Recorded information:
>>>>>

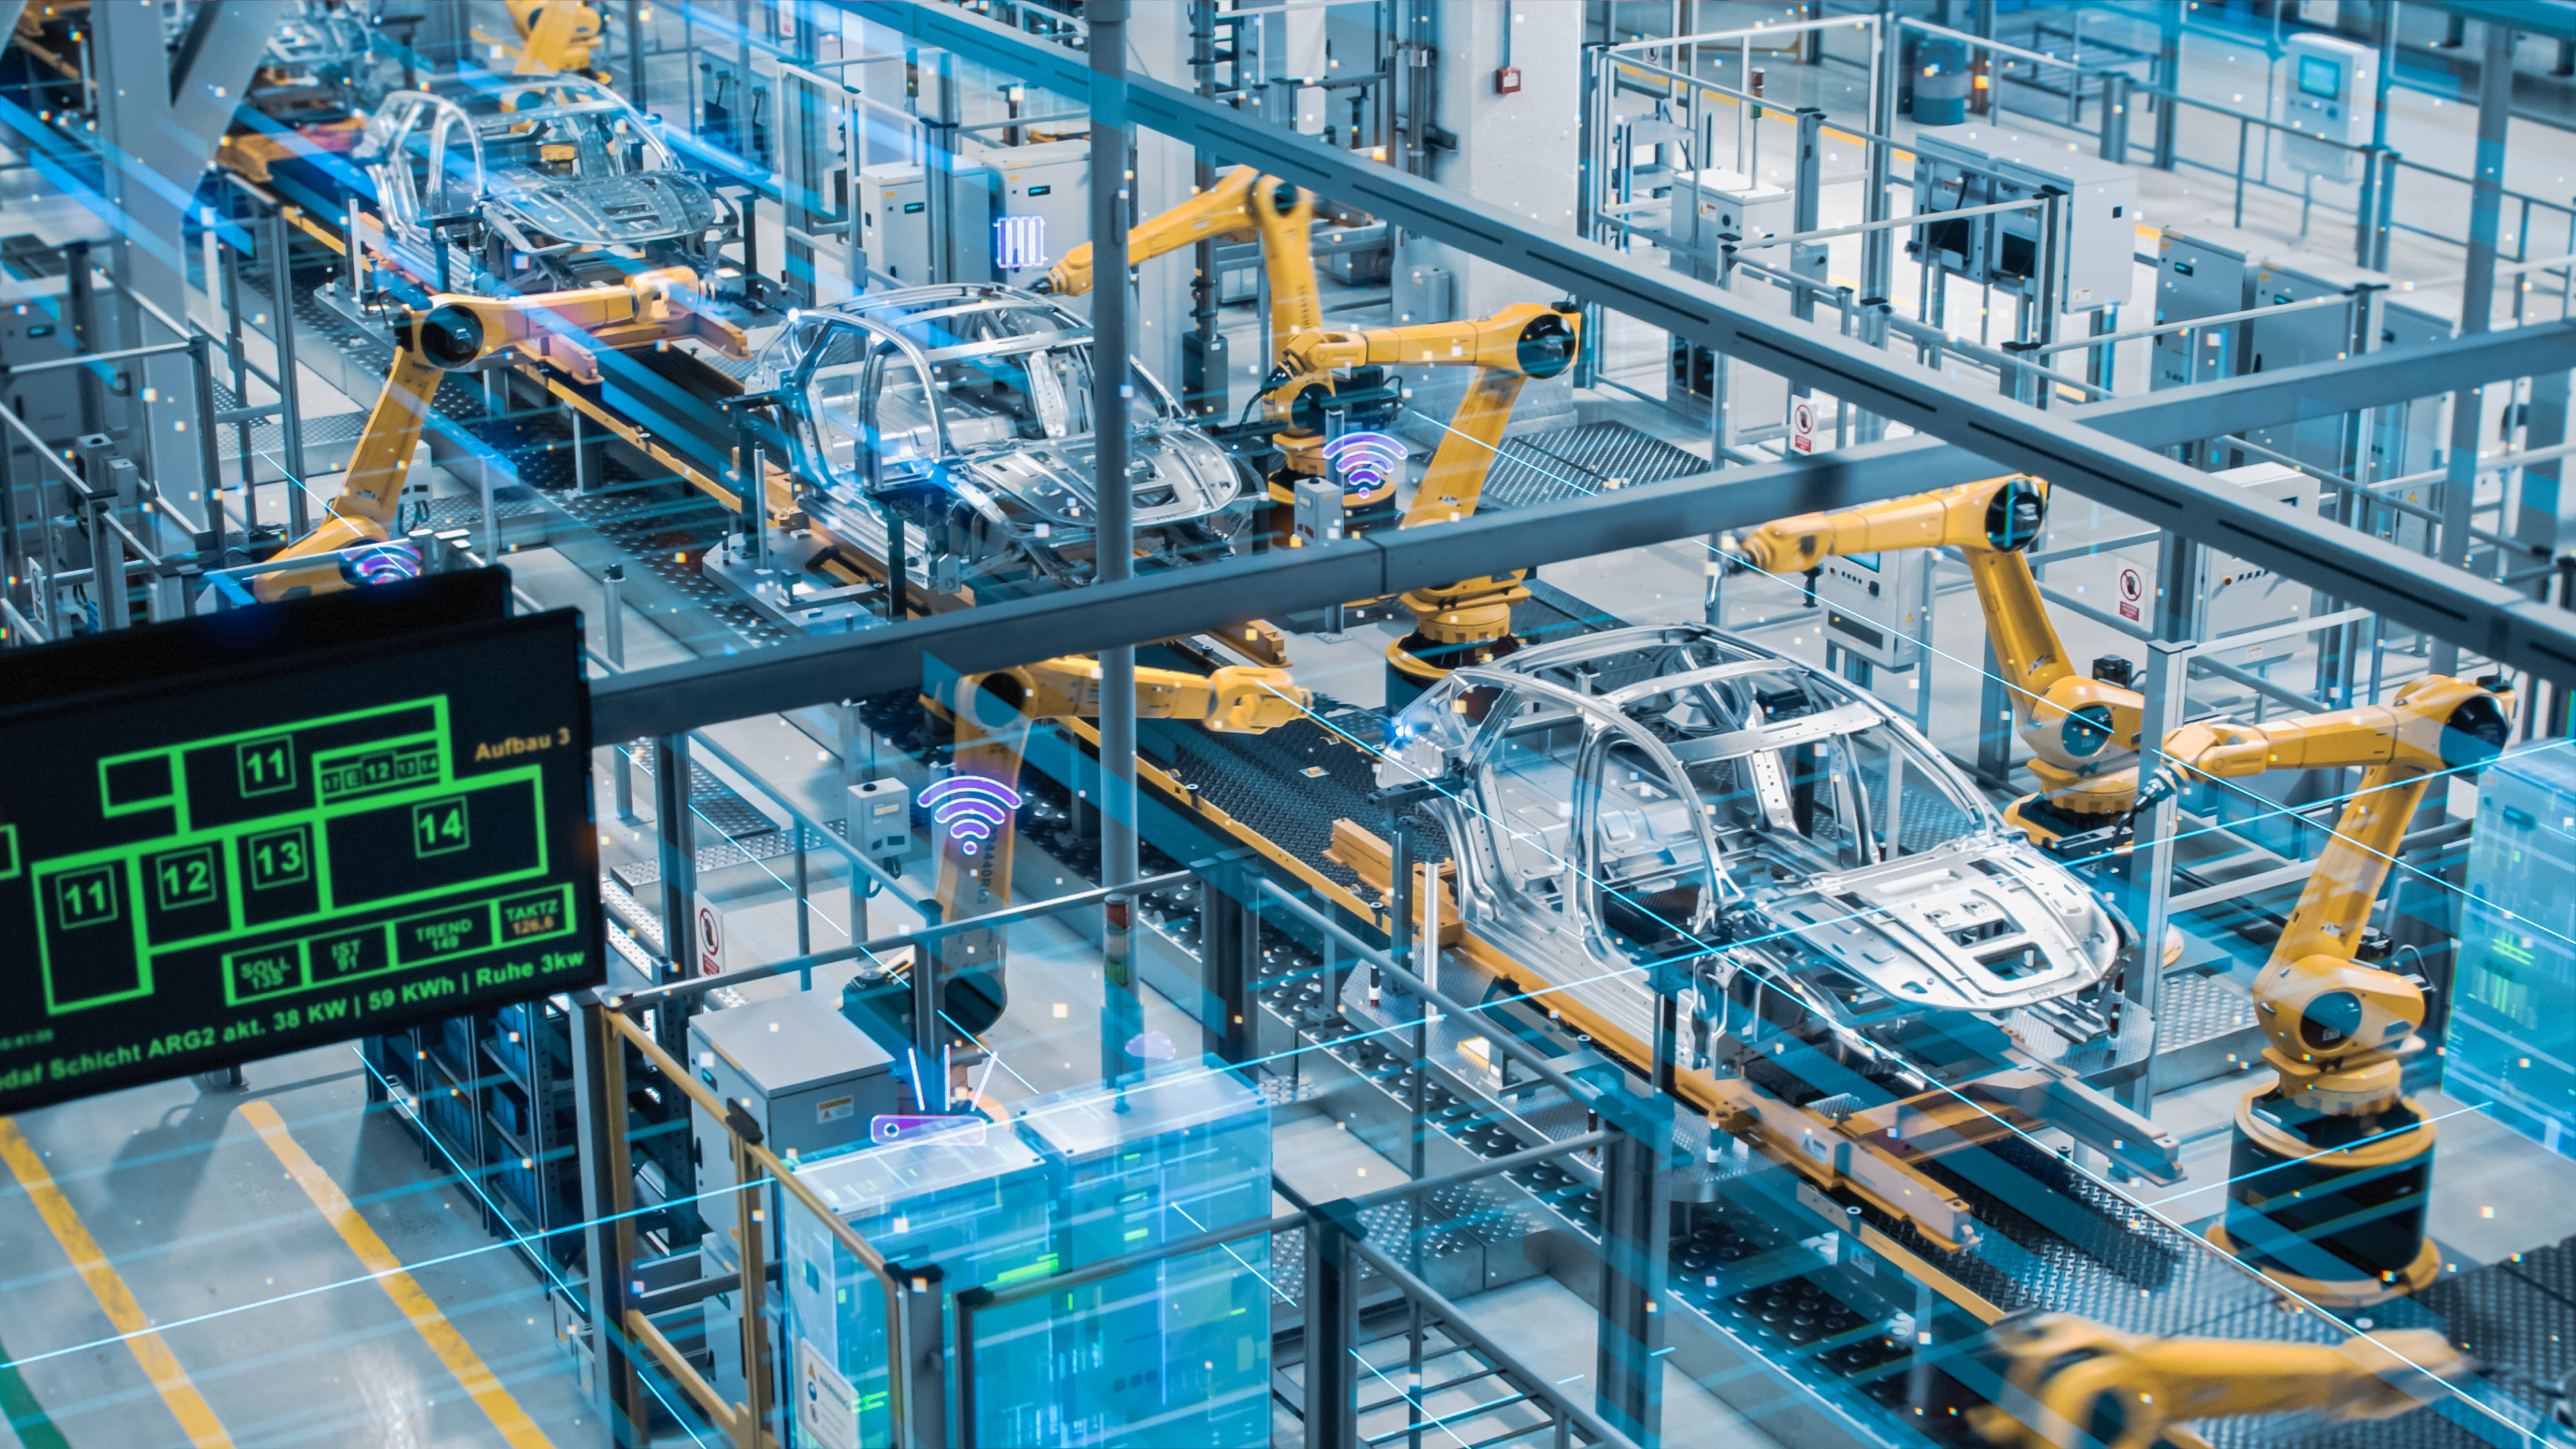 A CGI render of an automated, smart manufacturing floor using Industrial Internet of Things (IoT) sensors. Machine arms construct a car, while holographic lines and WiFI symbols denote a private network of devices within the factory.
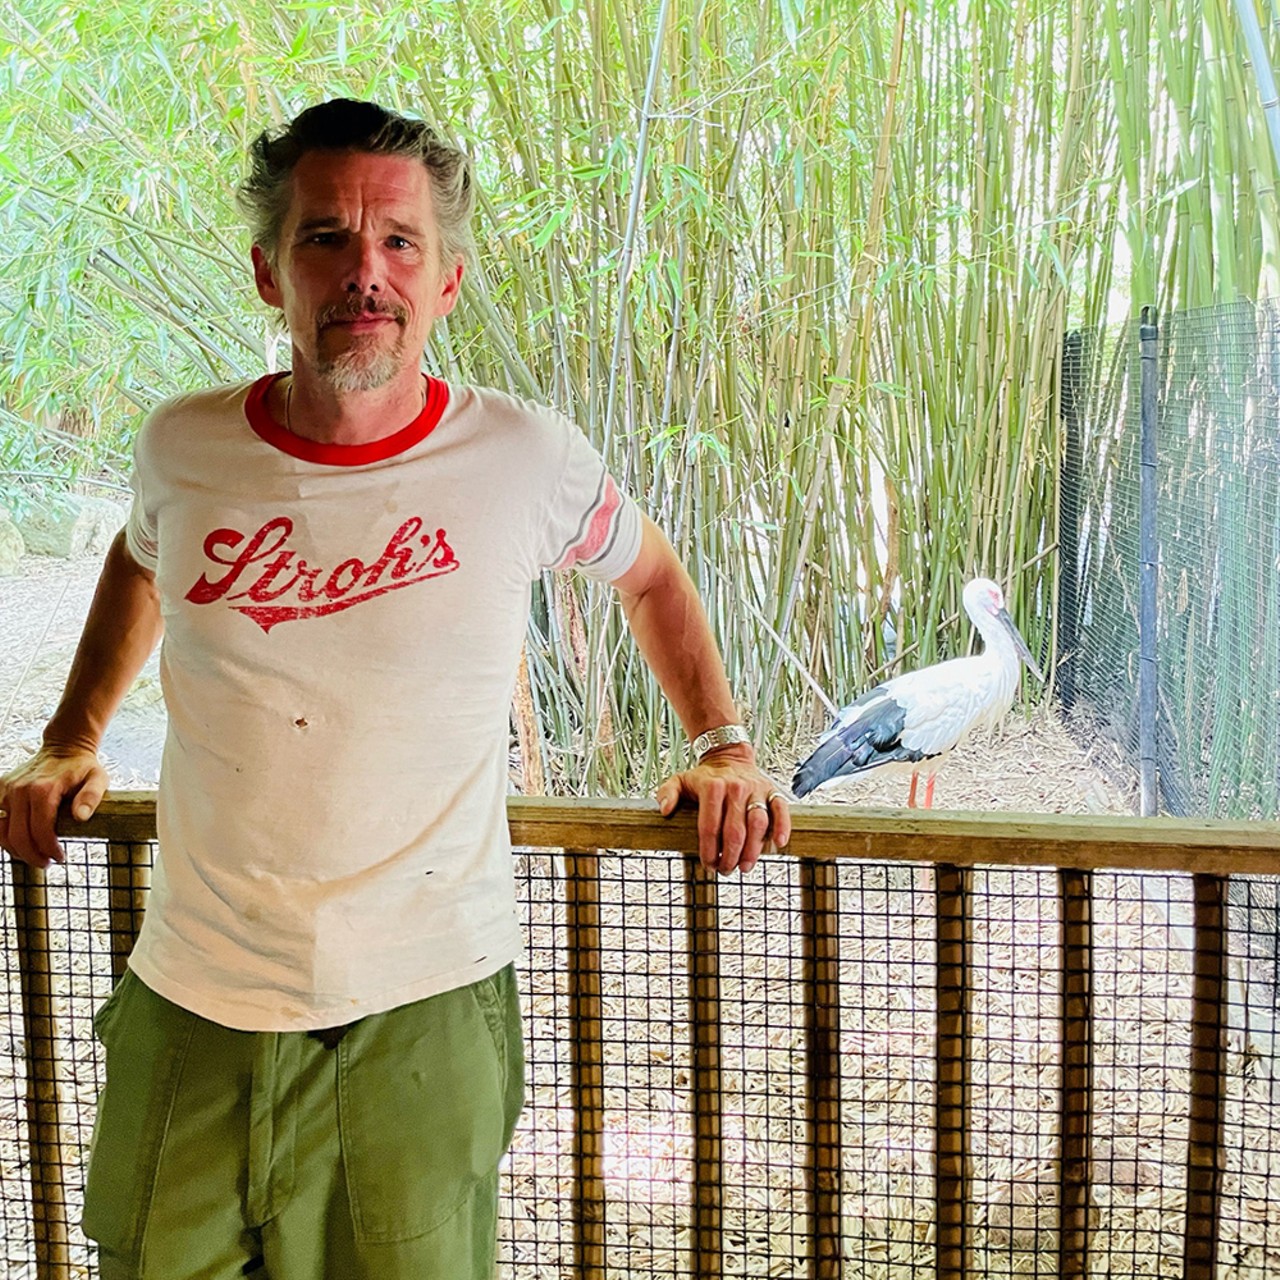 Actor/Director Ethan Hawke visits the Louisville Zoo
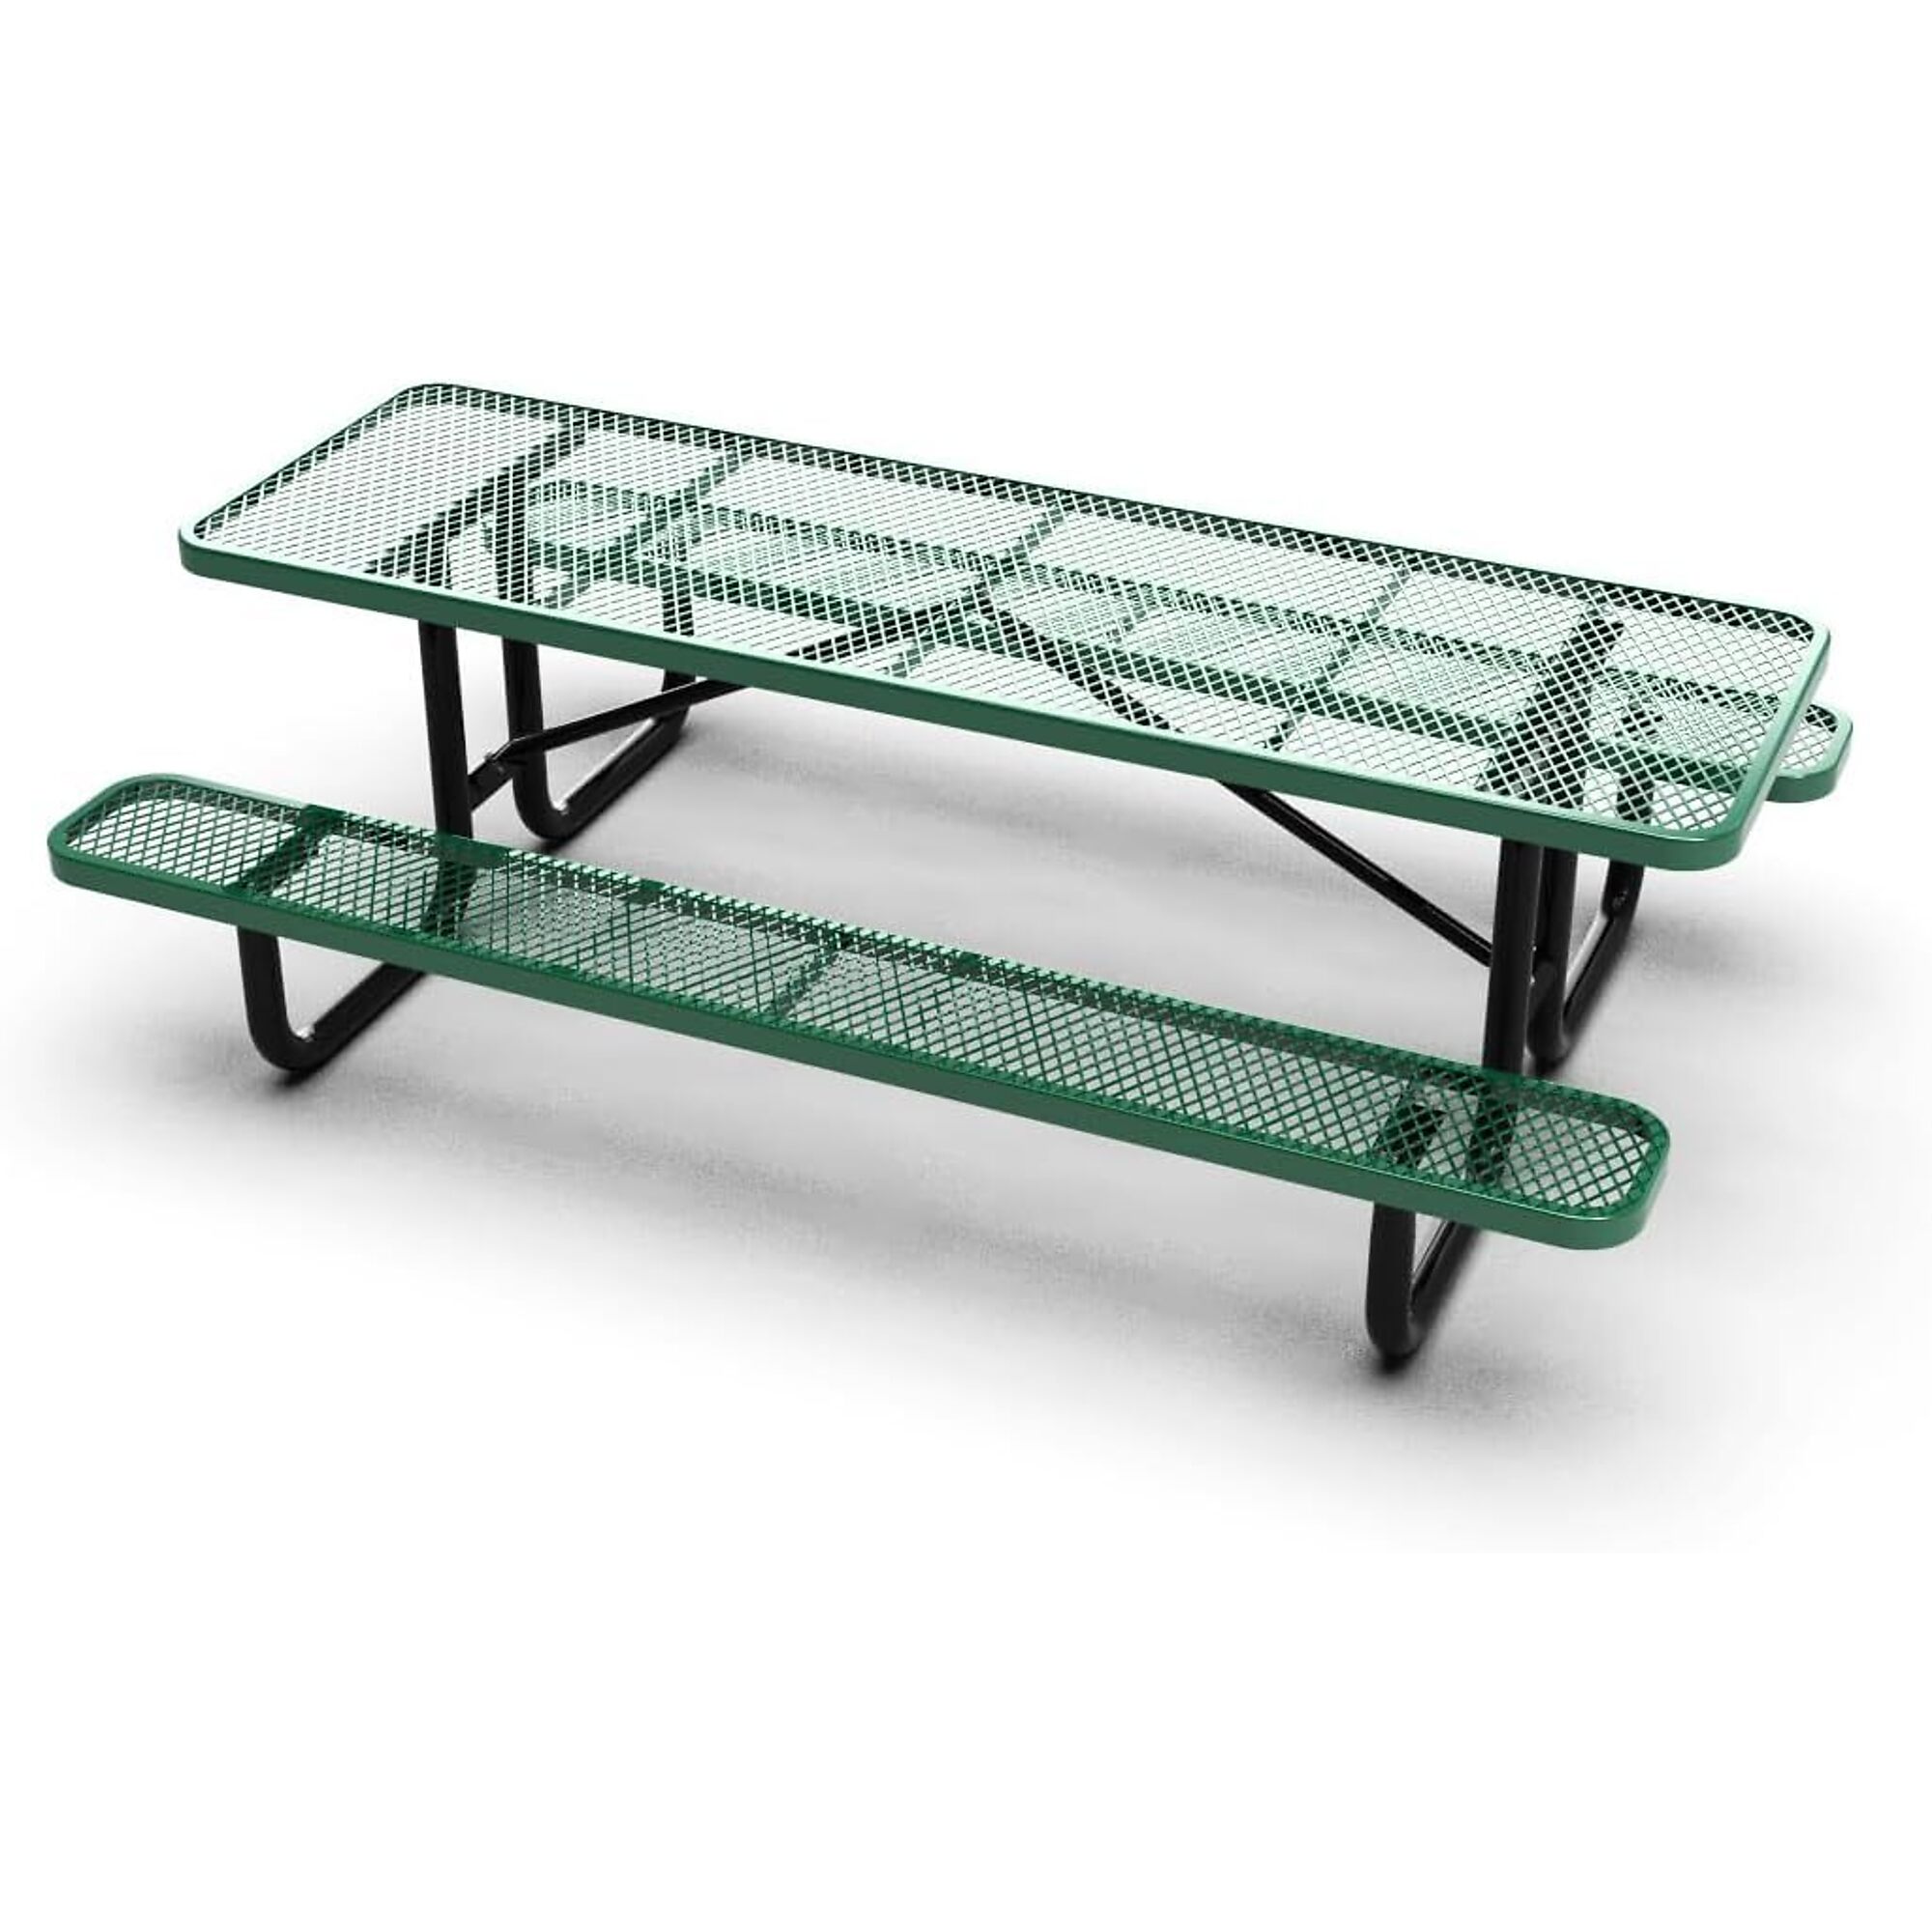 Park Elements, 8ft. thermoplastic coated commercial picnic table, Table Shape Rectangle, Primary Color Green, Height 30 in, Model CD-96PT-GRN

<<<<<

Exercise requirements: Strip out the pictures and repeat the listing above exactly.

Written reply:
 A CGI render of an automated, smart manufacturing floor using Industrial Internet of Things (IoT) sensors. Machine arms construct a car, while holographic lines and WiFI symbols denote a private network of devices within the factory.
 Actor/Director Ethan Hawke visits the Louisville Zoo
 Park Elements, 8ft. thermoplastic coated commercial picnic table, Table Shape Rectangle, Primary Color Green, Height 30 in, Model CD-96PT-GRN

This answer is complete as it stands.